TASK ITEM:
Where the material below has a line containing "[CLEARANCE] Solid Grey", start repeating exactly, and keep going through the line containing "January, February, and", with no other lines.

DATA FOR ANALYSIS:
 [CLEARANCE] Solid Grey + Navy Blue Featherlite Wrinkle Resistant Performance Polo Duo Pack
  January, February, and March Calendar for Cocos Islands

* * *

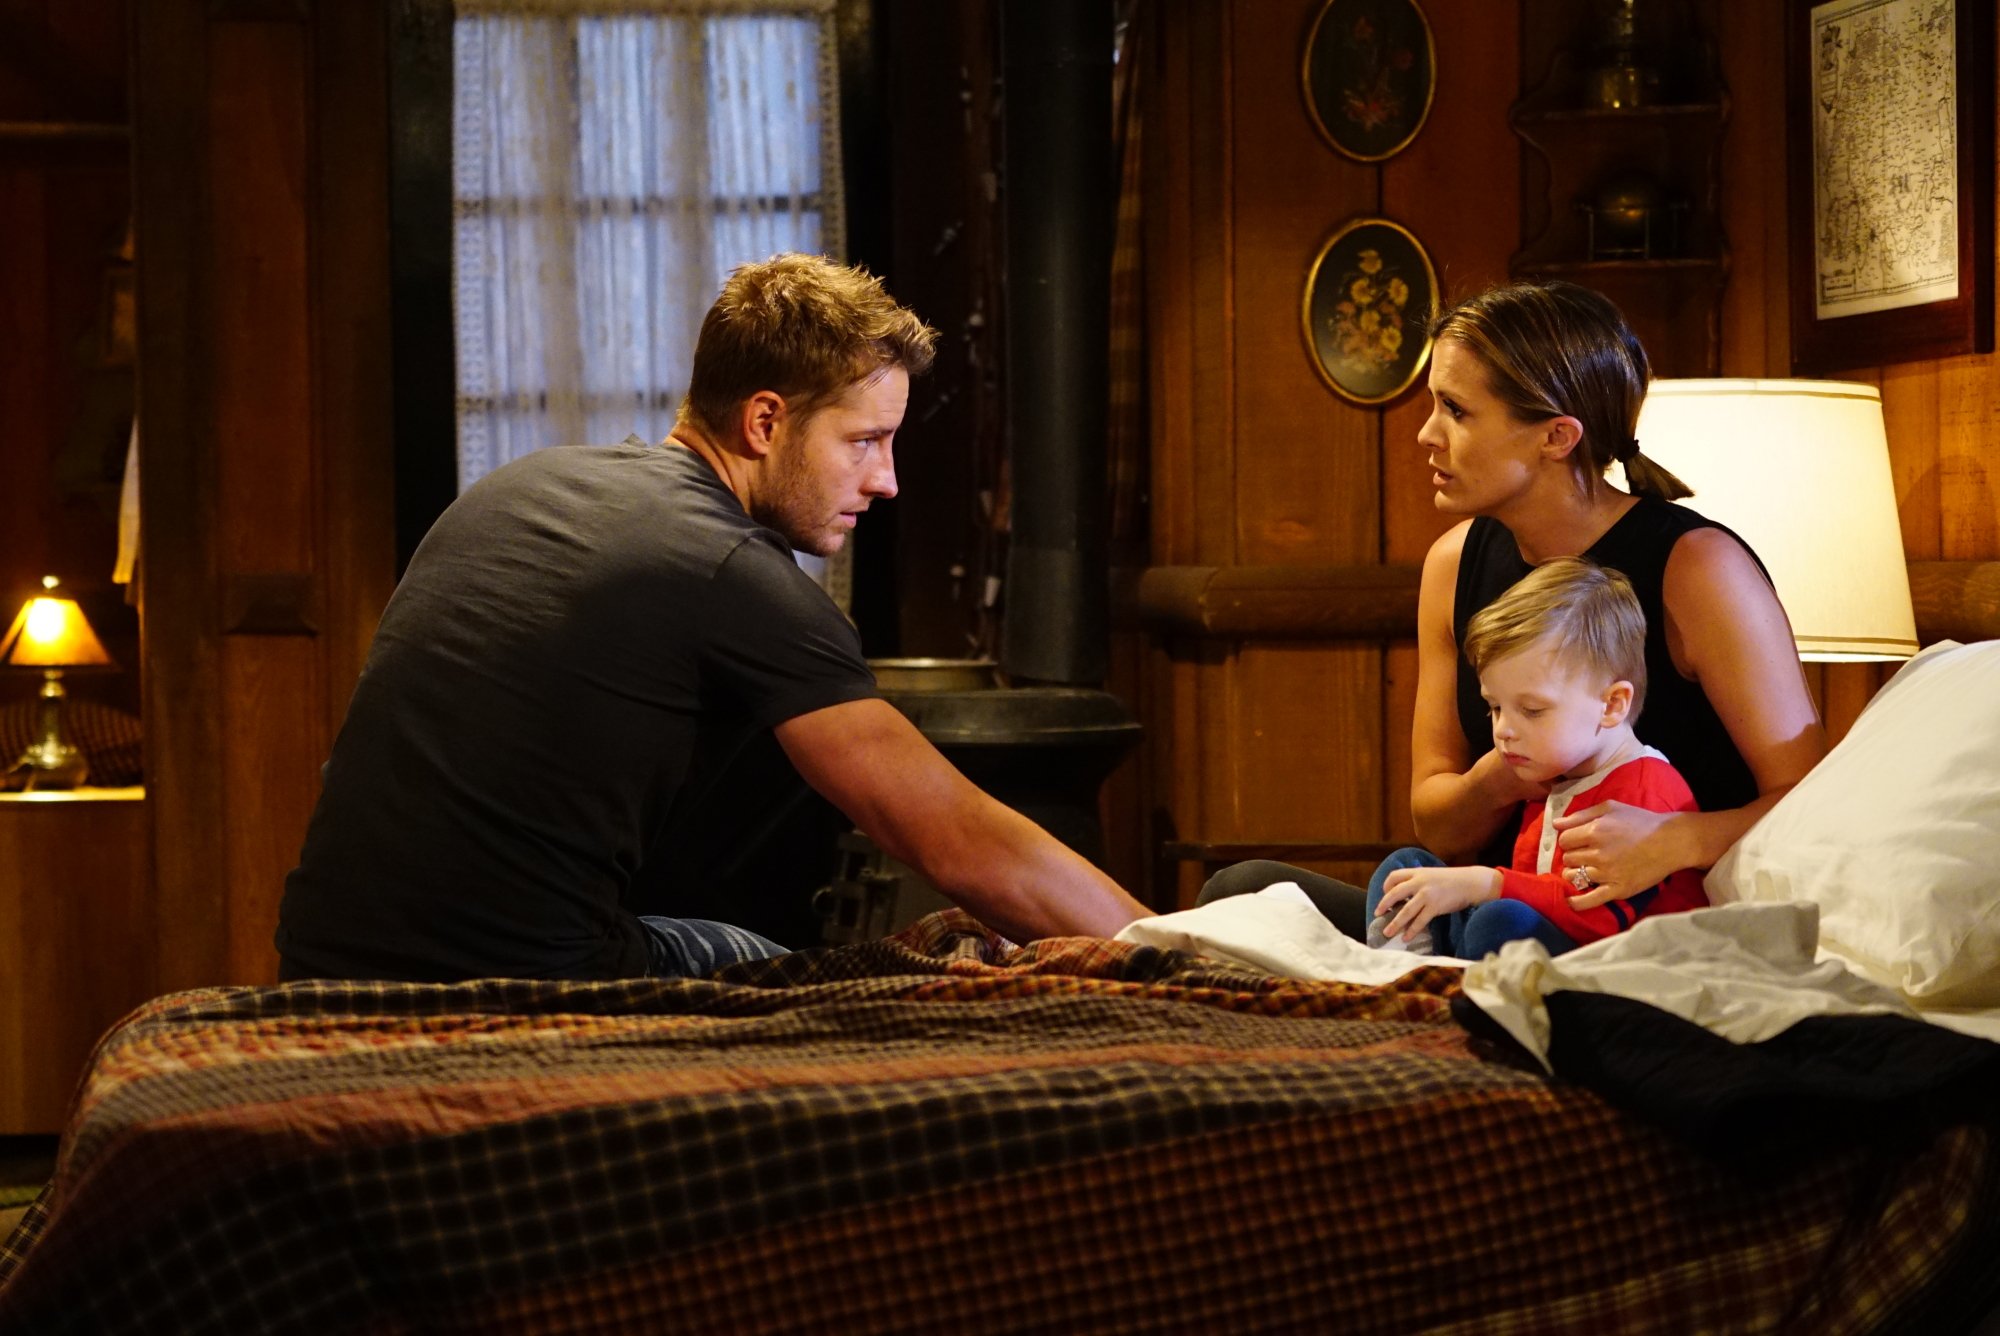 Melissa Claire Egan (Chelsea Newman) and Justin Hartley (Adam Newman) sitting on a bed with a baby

==

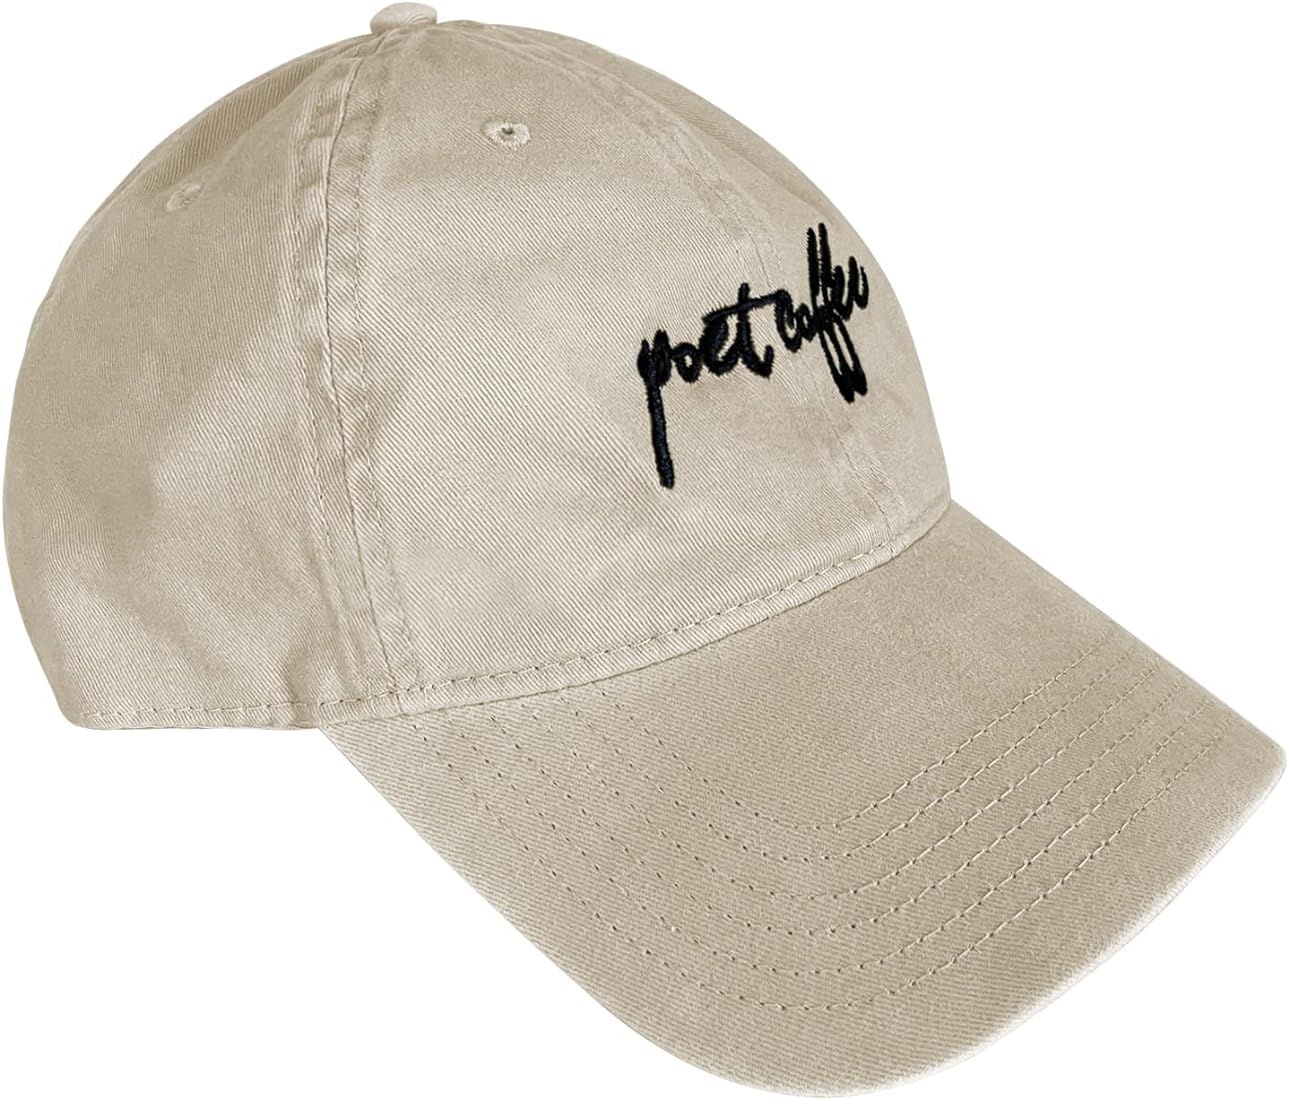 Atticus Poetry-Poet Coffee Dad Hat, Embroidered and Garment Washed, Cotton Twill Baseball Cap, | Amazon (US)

ANSWER:
 [CLEARANCE] Solid Grey + Navy Blue Featherlite Wrinkle Resistant Performance Polo Duo Pack
  January, February, and March Calendar for Cocos Islands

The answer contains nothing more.